Exercise » Give the listing again exactly, omitting its images.

Information supplied »
┌────────

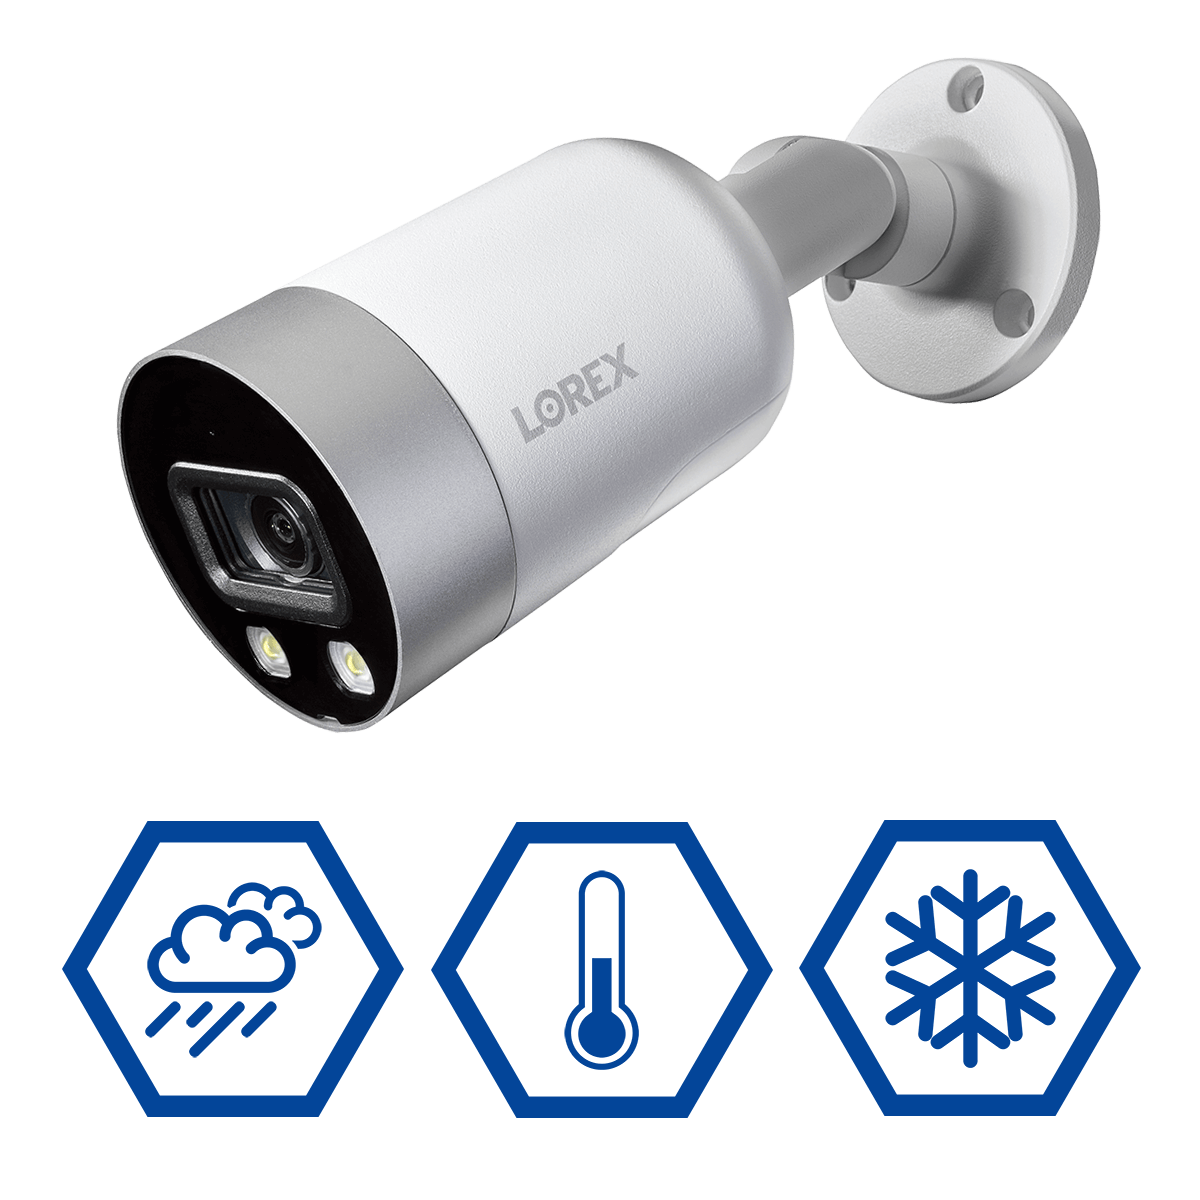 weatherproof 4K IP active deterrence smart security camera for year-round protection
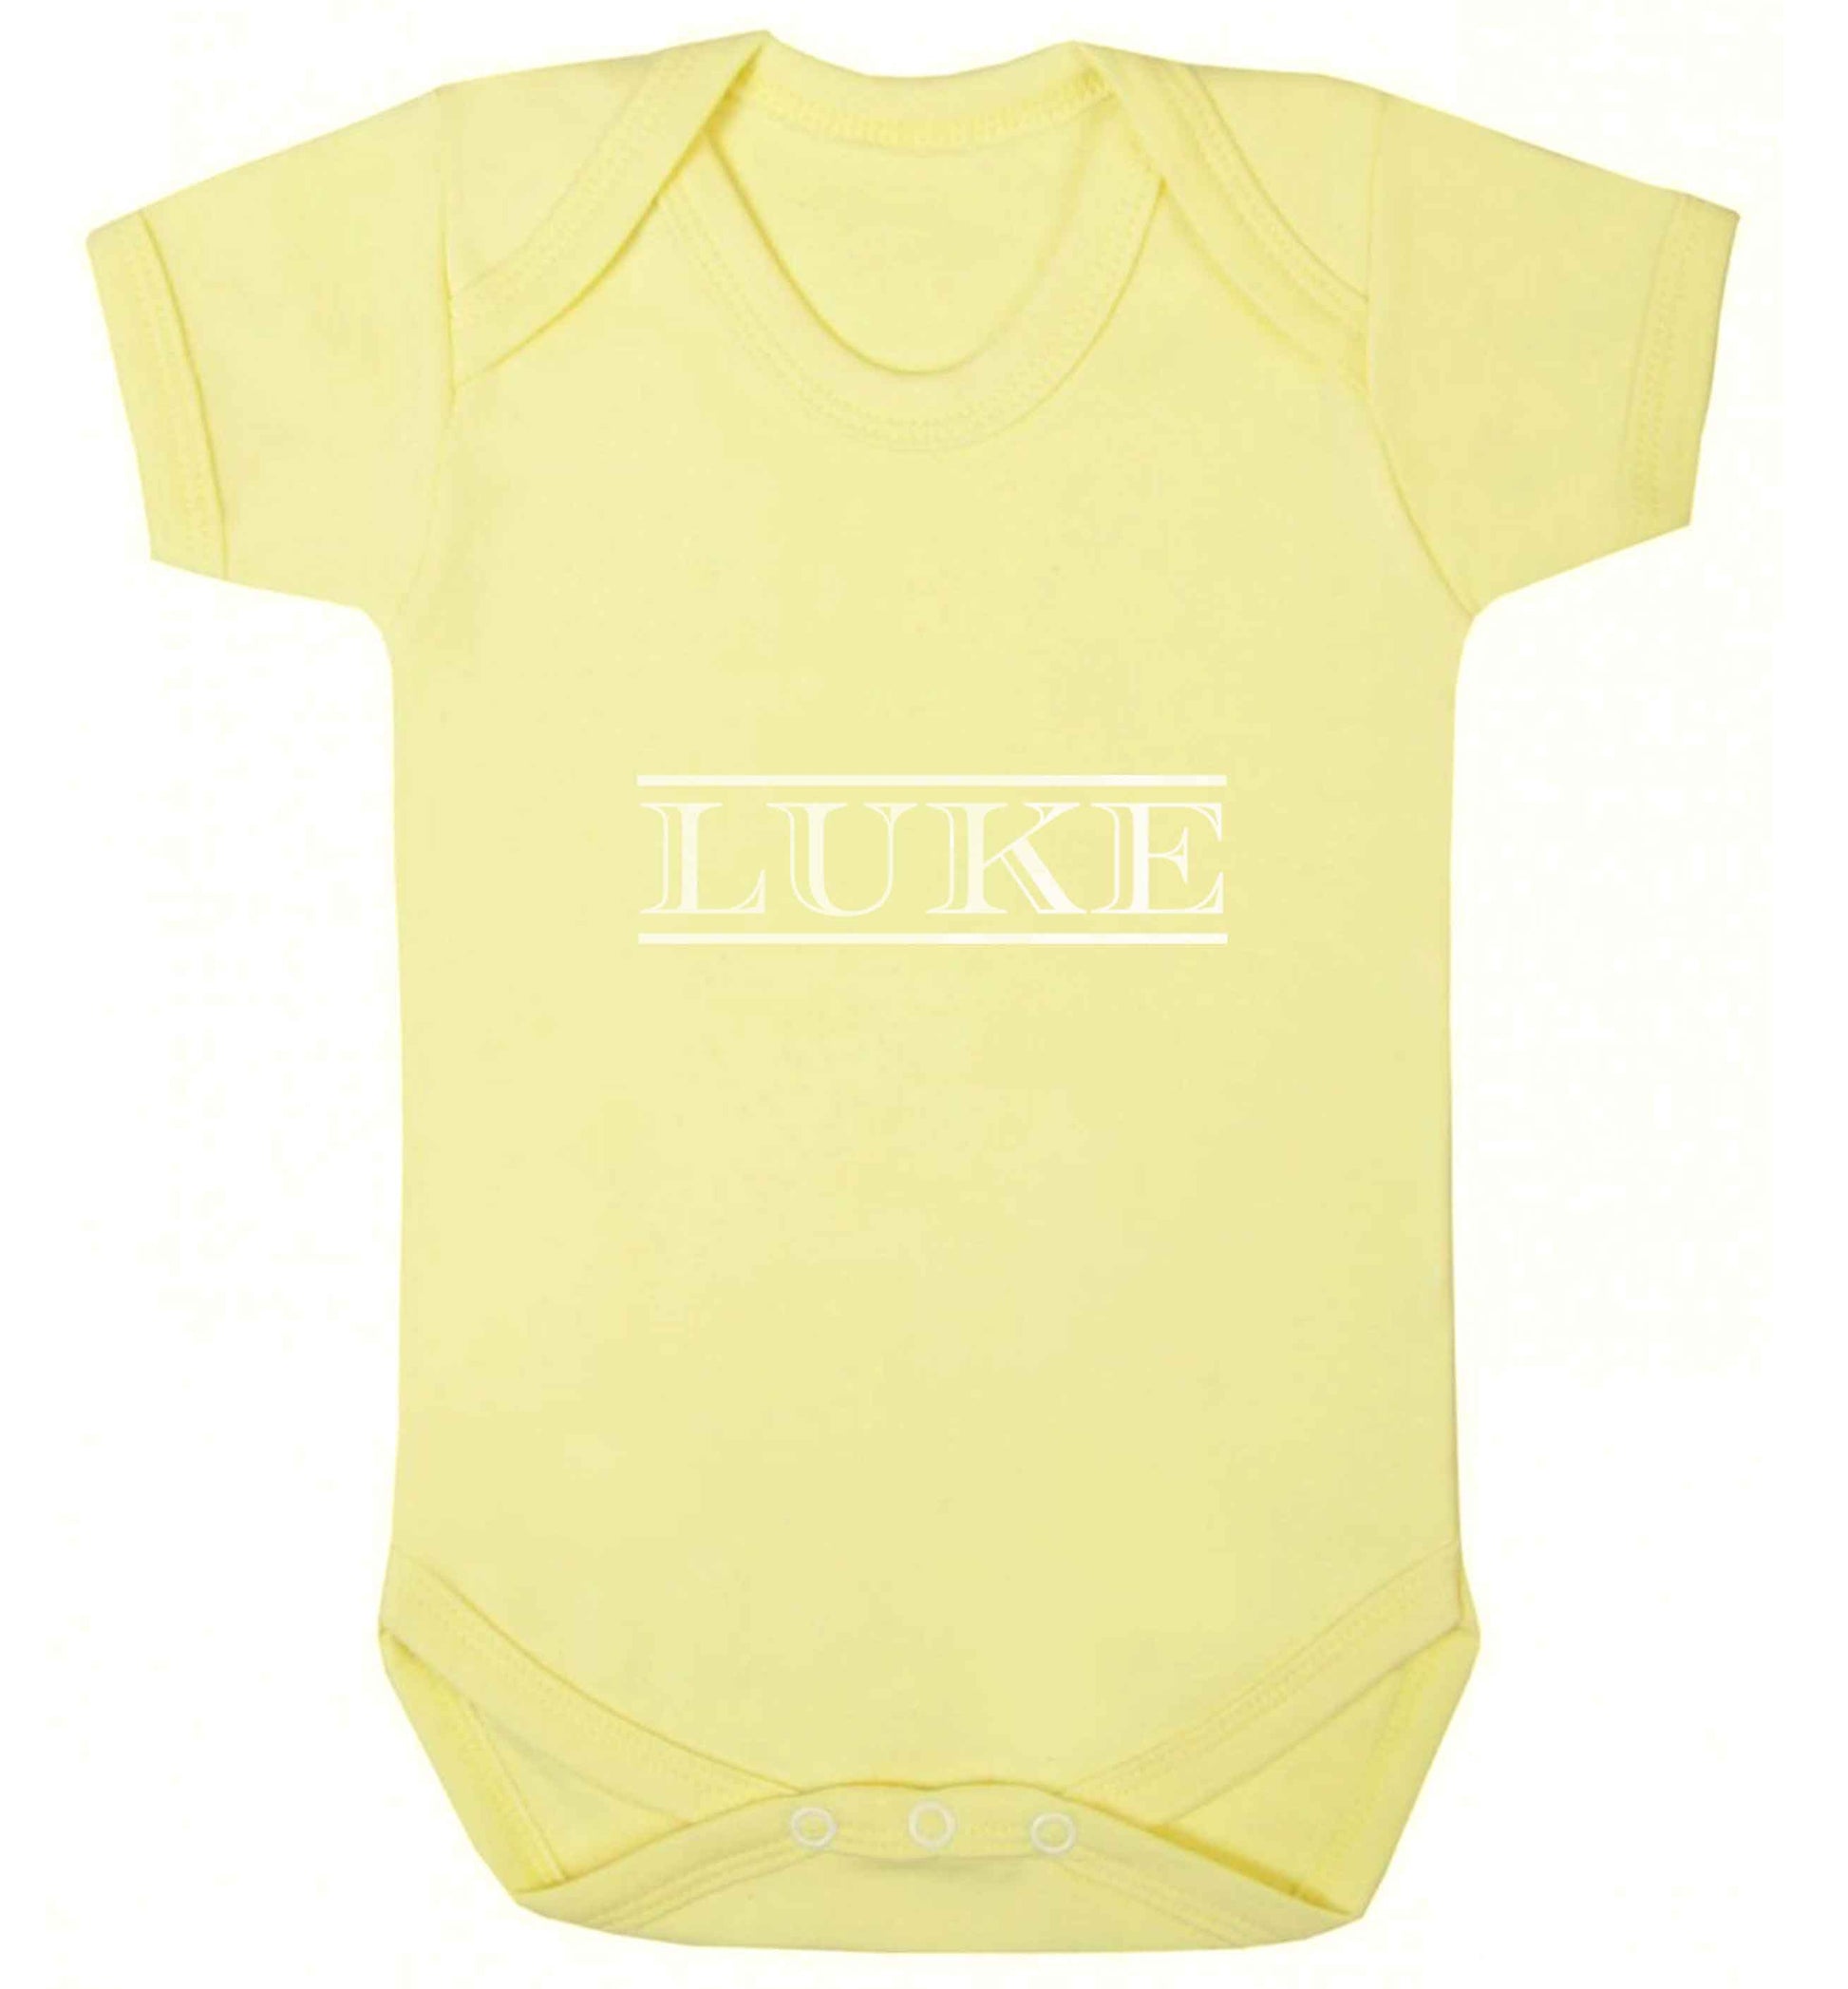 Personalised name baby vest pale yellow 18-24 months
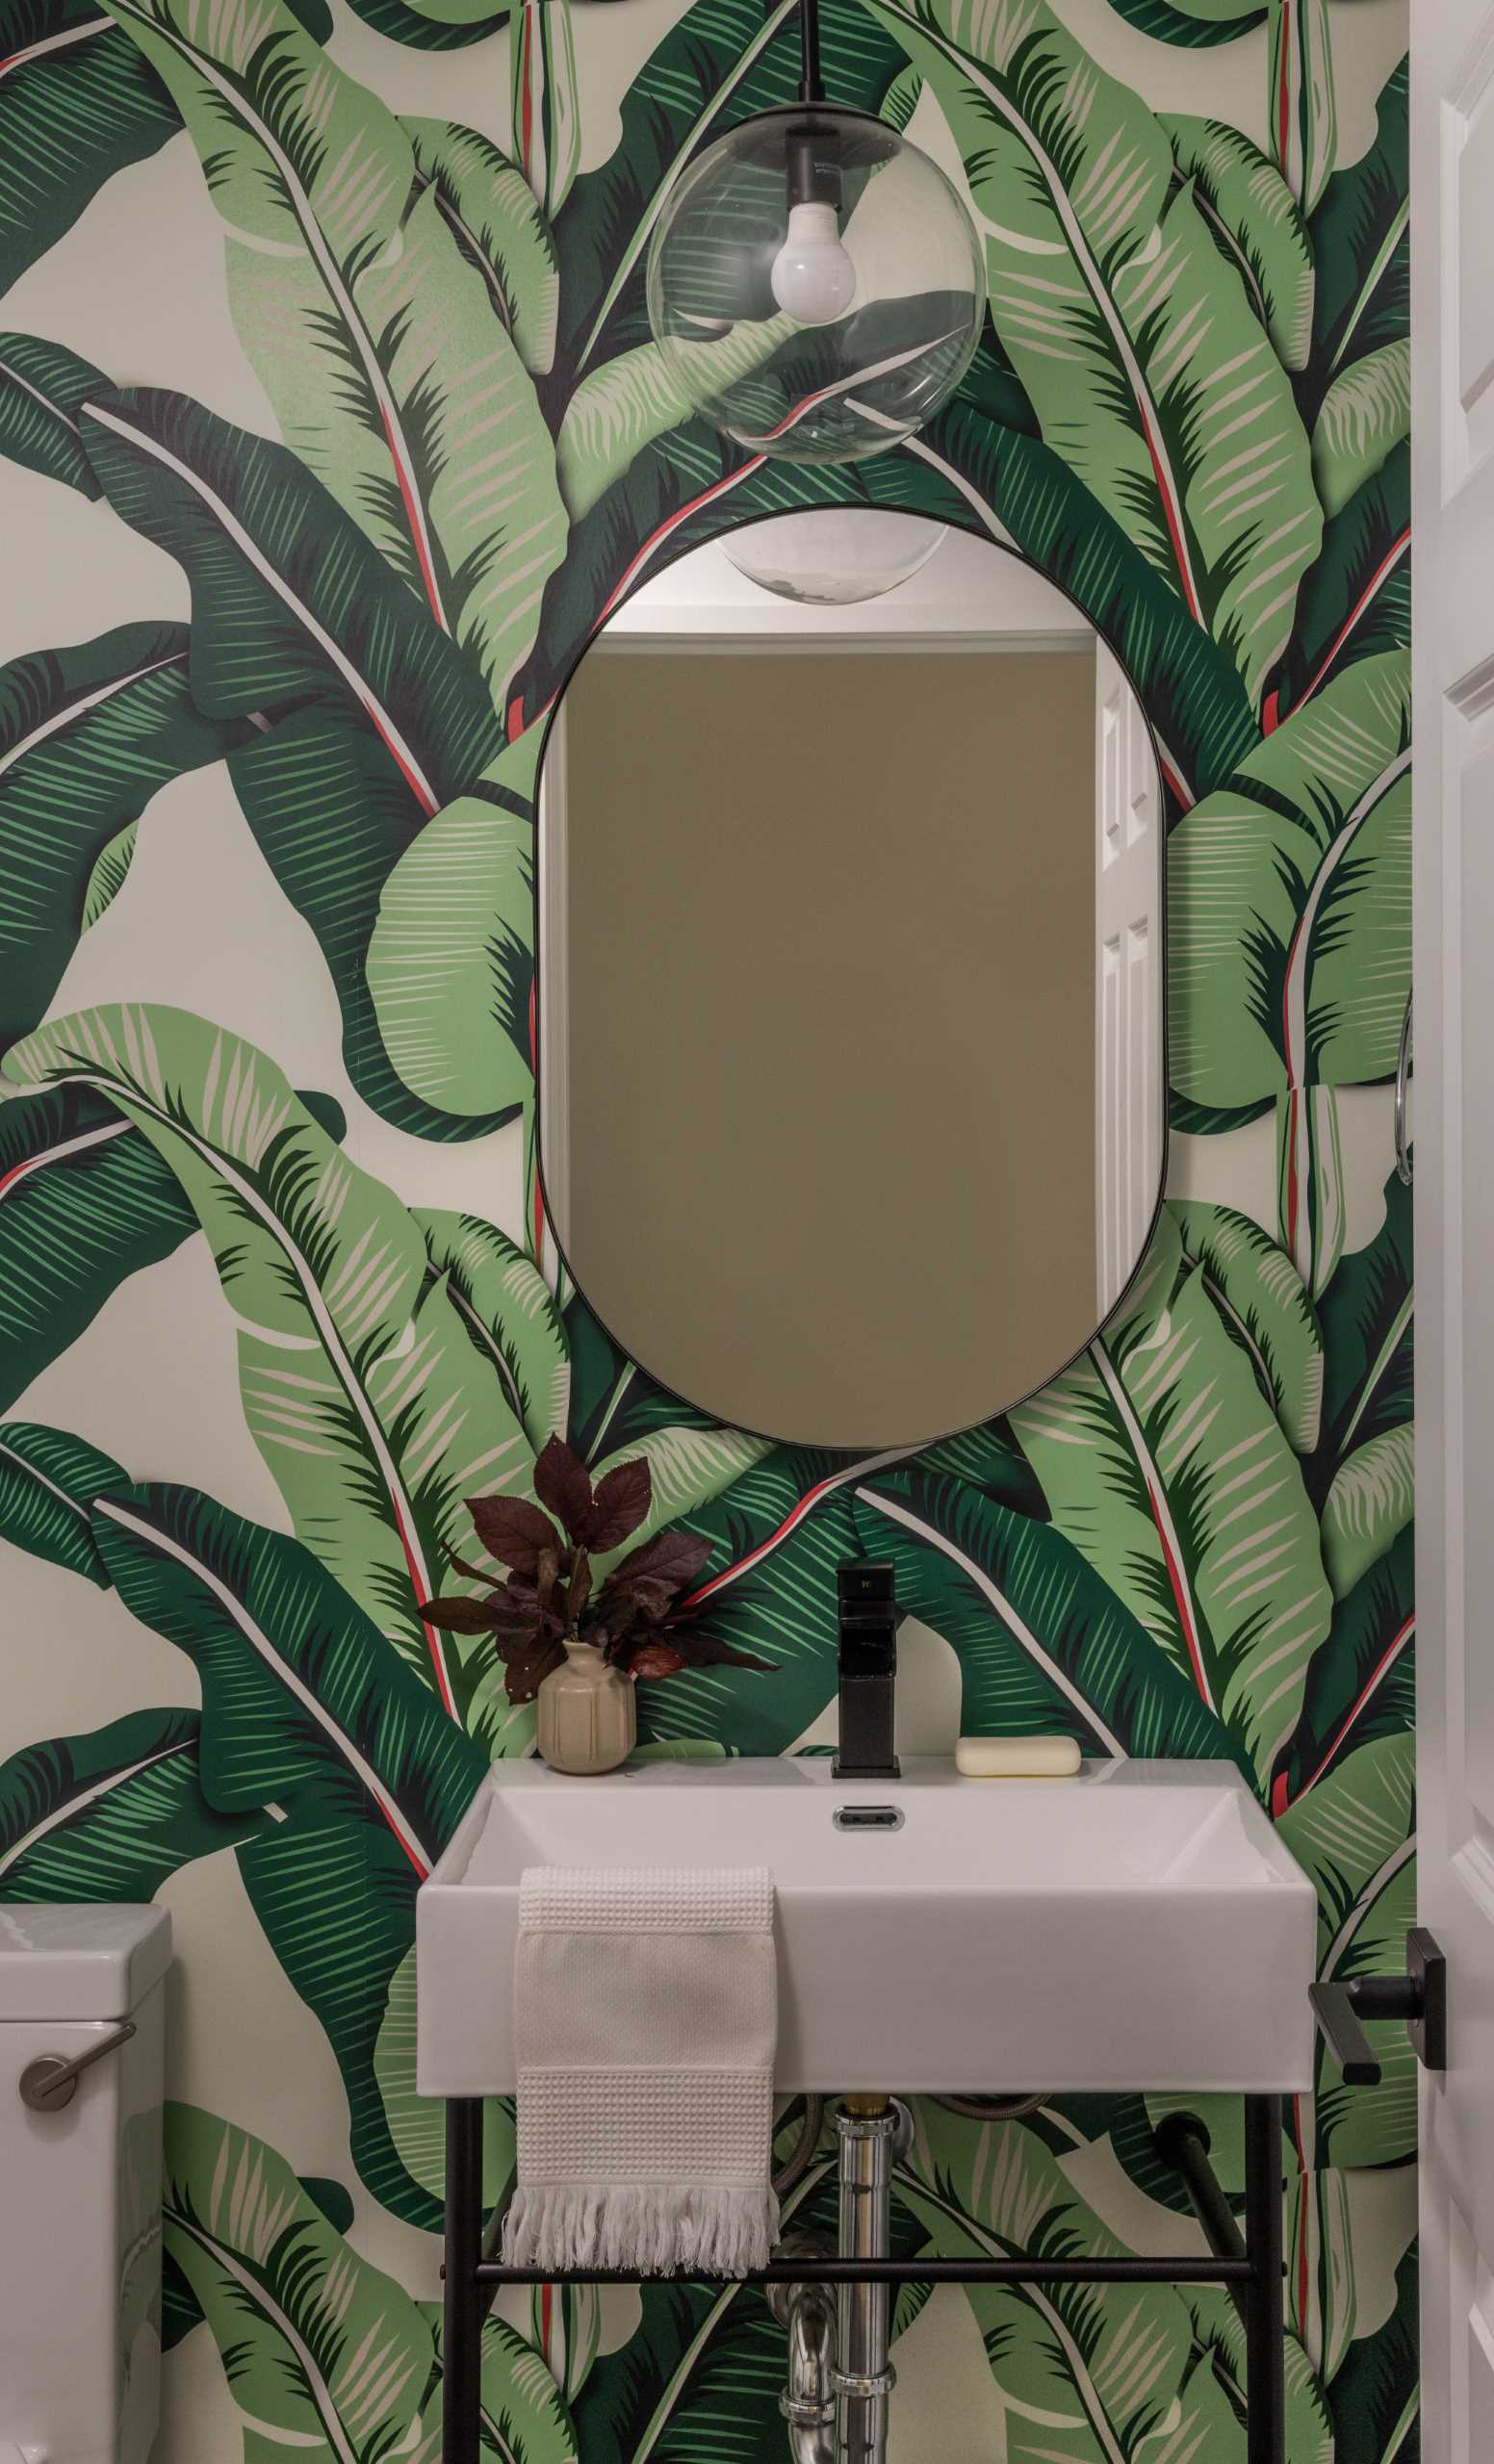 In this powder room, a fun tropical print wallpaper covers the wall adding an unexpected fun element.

└────────

Problem solution »
 weatherproof 4K IP active deterrence smart security camera for year-round protection
 Personalised name baby vest pale yellow 18-24 months
 In this powder room, a fun tropical print wallpaper covers the wall adding an unexpected fun element.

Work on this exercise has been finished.